In 1969, Honda improved this design and changed the seat design from sit-in to sit-on, while balloon tires replaced the mechanical suspension, and this ATV model was trademarked as an all-terrain cycle (ATC).
This poor suspension system limited the range of terrains that the ATC could travel in, and this led to the development of low-profile tires and full suspension in early 1980s.
These were featured, alongside racks, in the ATC200E Big Red made by Honda in 1982, which made this model a three-wheeled utility ATV that could traverse almost all terrains.
Apart from the utility ATV models, sport models were also developed by Honda which had gained monopoly due to exclusive rights to patents on engine placements and sport ATV designs.
The ATC-250R was a high-performance ATV that debuted in 1981, and went off production in 1986. It paired an air-cooled two-stroke engine – whose displacement capacity was 248 cubic-centimeters (cc, or 0.248Liters[L]) – with a five-speed transmission system.

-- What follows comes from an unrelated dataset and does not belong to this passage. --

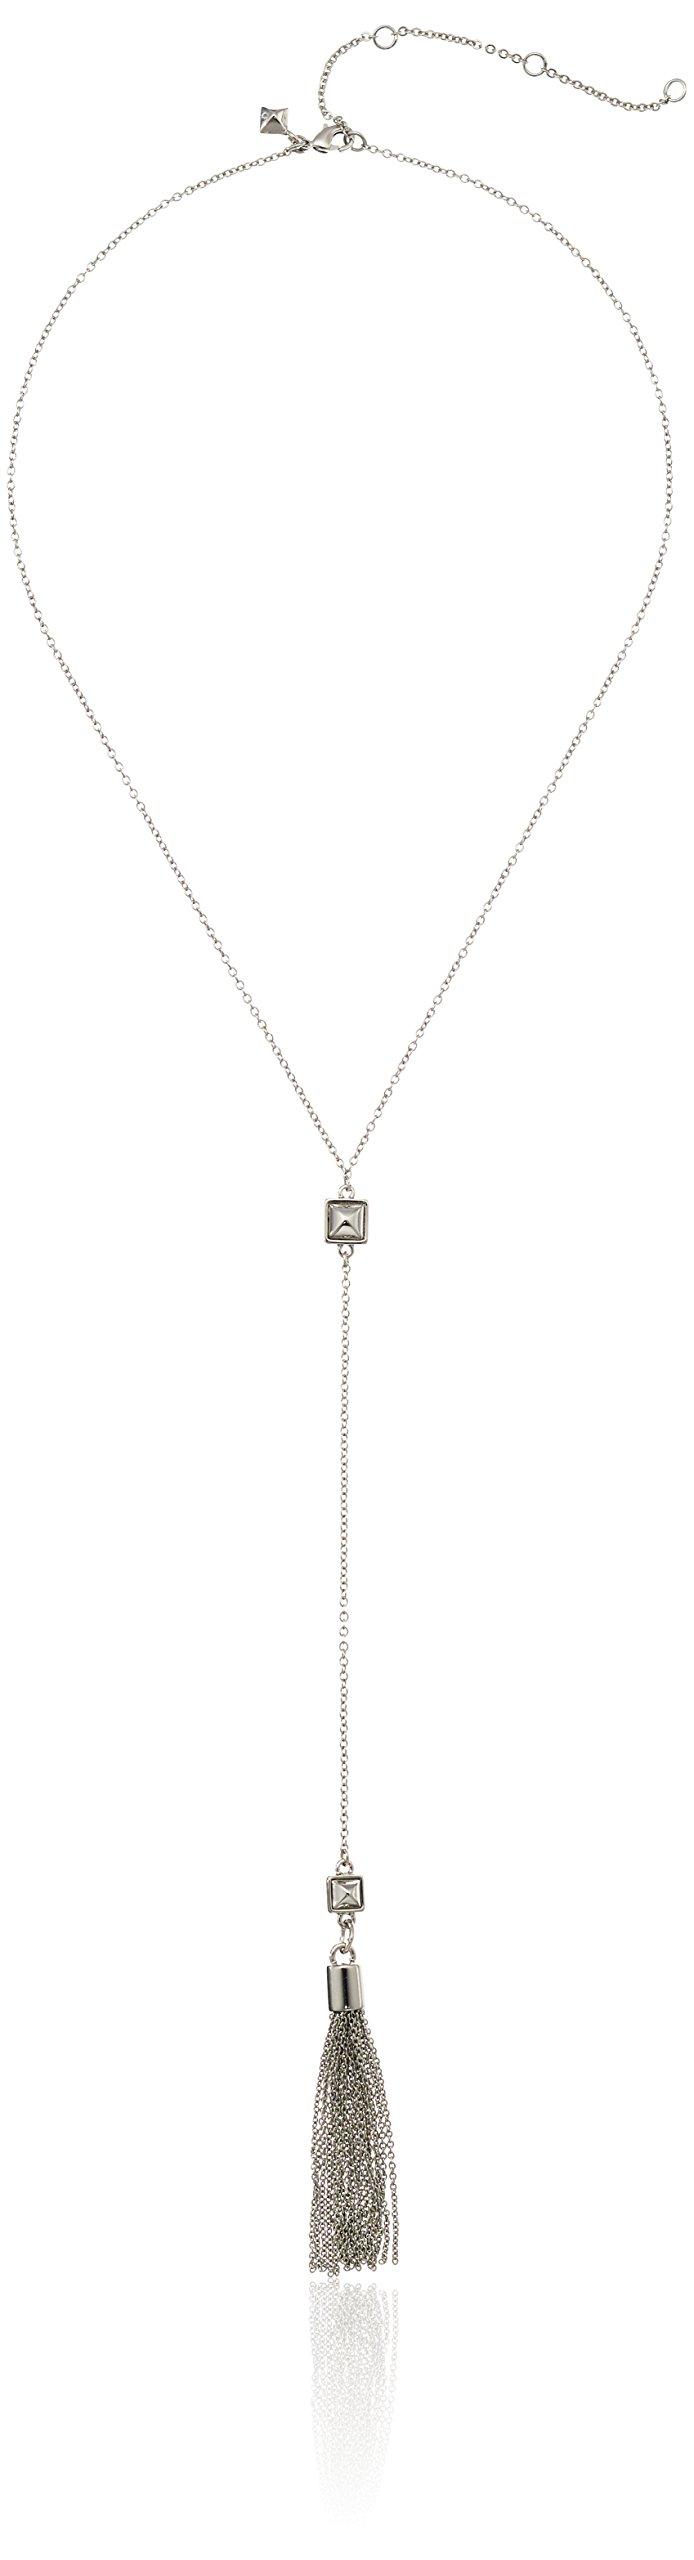 Rebecca Minkoff Stud with Fringe Rhodium Y-Shaped Necklace
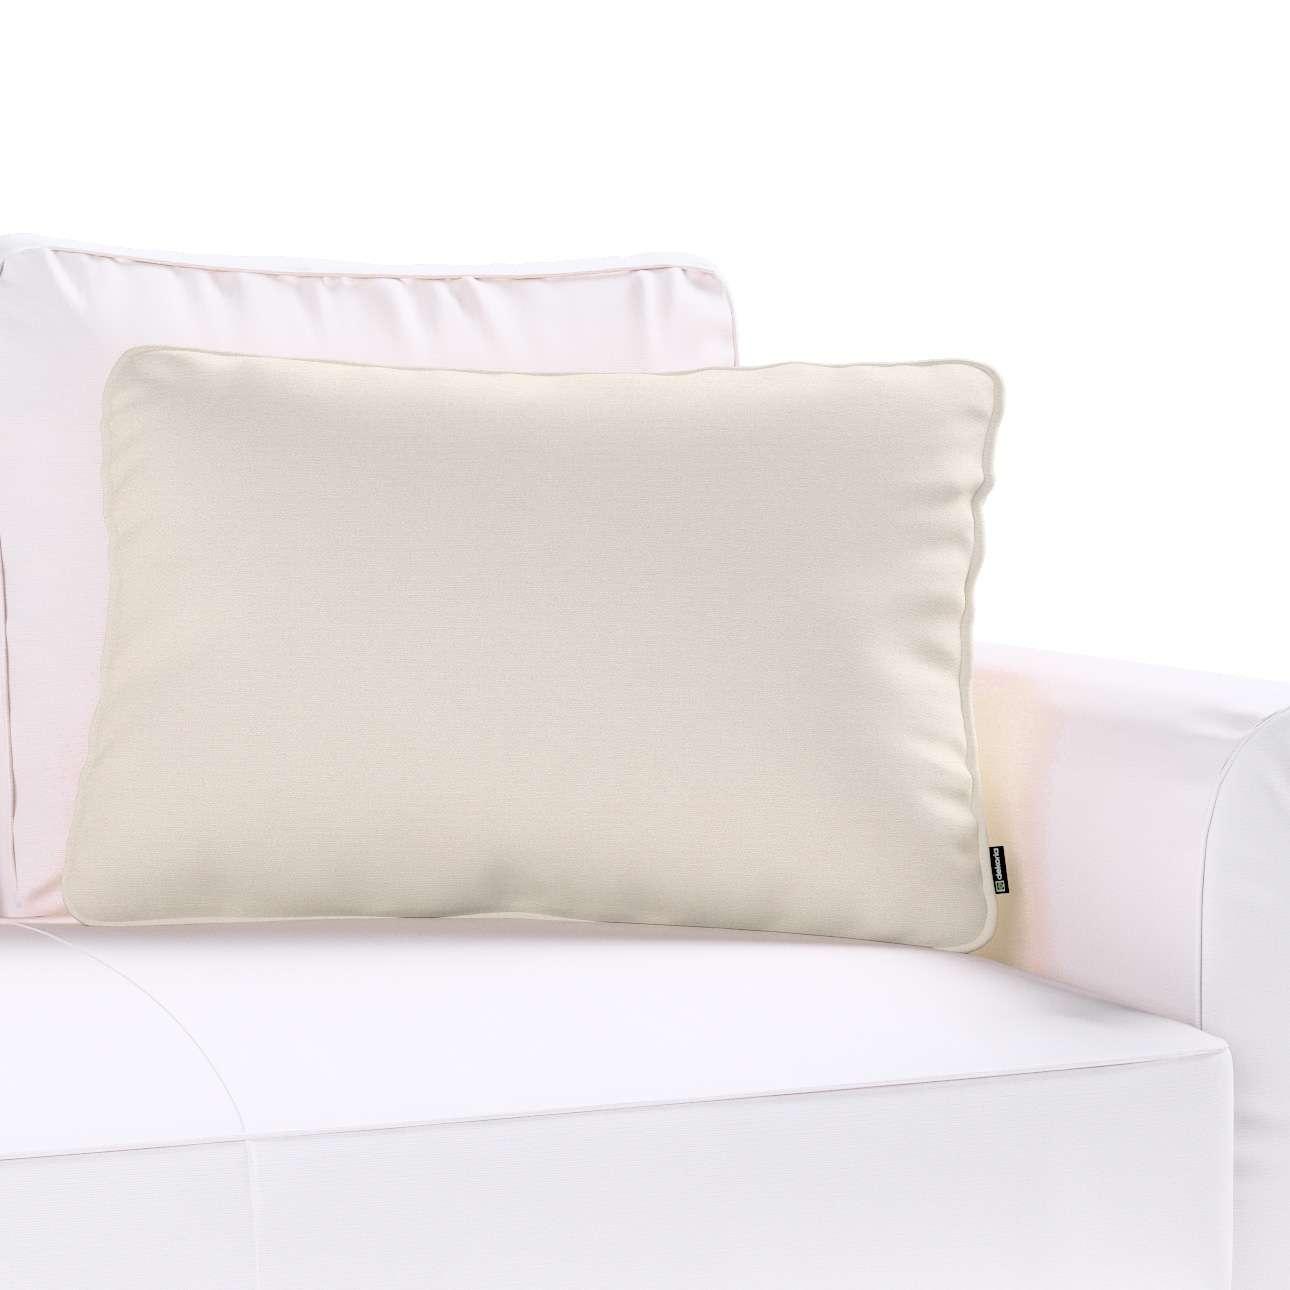 Kissenhülle Gabi mit Paspel 60x40cm 60 x 40 cm von der Kollektion Cotton Panama, Stoff: 702-31

There was also a manual clutch, a full suspension system, and a (fully-functional) front disk brake. This build impressed the integration of vehicle engine and transmission system into compact three-wheelers so as to create a hybrid model that can be operated as a motorized bike, but powered by a vehicle-grade engine and transmission system.
The contemporaneous high-performance sports model, ATC-200X, had an 18horsepower[hp] (equivalent to 13.4kilowatts[kW]) four-stroke engine with a displacement capacity of 0.192L or 192cc; and featured single piston calipers and rear disc brakes.
An improved design, the ATC-350X entered the market in 1985, and featured a 26hp, four-stroke 350cc engine with four valves, and was cooled by air and circulating oil. Its braking power was enhanced by the dual piston-brake calipers.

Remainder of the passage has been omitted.